# Build the Neural Network
To build the neural network, we need the framework of [PyTorch](https://pytorch.org/). You can refer to the website for installation and other informations.
After installation PyTorch (if you are using Google Colab, you do NOT need to worry about installation), you can call torch to build your own models. Now, let's start.
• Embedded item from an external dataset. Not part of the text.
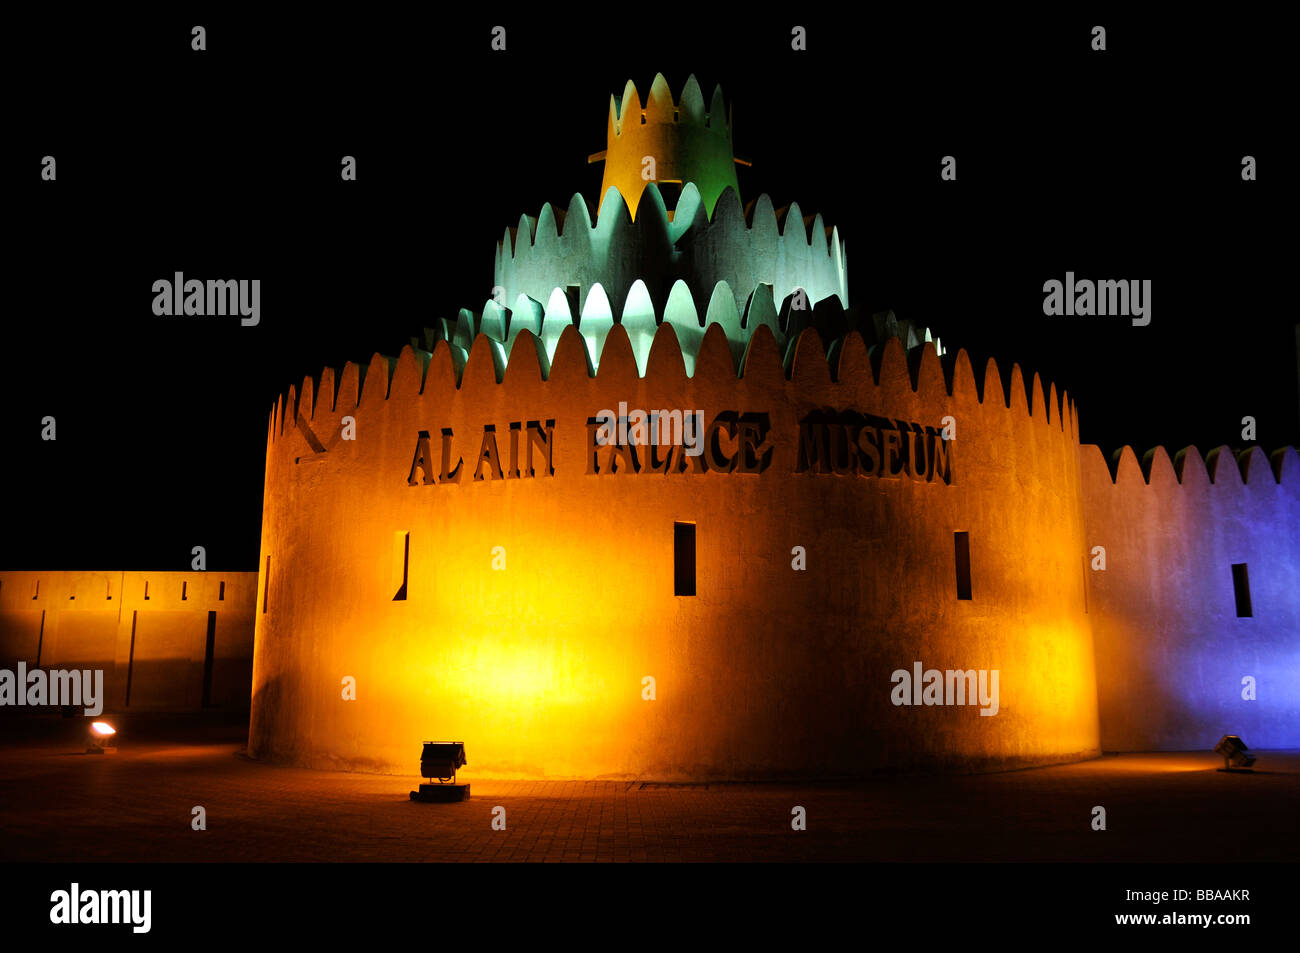 Tower of the Al Ain Palace Museum at night, Palace Museum, Al Ain, Abu Dhabi, United Arab Emirates, Arabia, the Orient, Middle  Stock Photo

In one of the lectures, we saw that a simple feedforward neural network includes the:
1. input layer,
2. hidden layer, and
3. output layer.

In Pytorch, the [torch.nn](https://pytorch.org/docs/stable/nn.html) can be used to constructed the neural network models.
The [nn.Module](https://pytorch.org/docs/stable/generated/torch.nn.Module.html) is the base class for all neural network modules, which contains layers, and a method ``forward(input)`` that returns the <b>output</b>.
Let's have a look the details.

In the next section, we'll build a neural network to classify images in the FashionMNIST dataset.


In [None]:
%matplotlib inline

# Load the package
import os
import torch
from torch import nn
from torch.utils.data import DataLoader
from torchvision import datasets, transforms
import torch.nn.functional as F
# torch.manual_seed(0)

## Get Device for Training model

You can train the model on a hardware accelerator like the GPU, if it is available.
Let's check to see if
[torch.cuda](https://pytorch.org/docs/stable/notes/cuda.html) is available, else we
continue to use the CPU.



In [None]:
# choose the device
device = "cuda" if torch.cuda.is_available() else "cpu"
print(f"Using {device} device")

If the output above shows 'cpu', it means that PyTorch was unable to detect GPUs. If you are running this using Google Colab, you can change it to use GPU for free. Just go to Runtime > Change Runtime Type and choose GPU.
Note that there is a limit to GPU usage and once you reach that limit, you will need to pay. However, we will not go into that limit in this section.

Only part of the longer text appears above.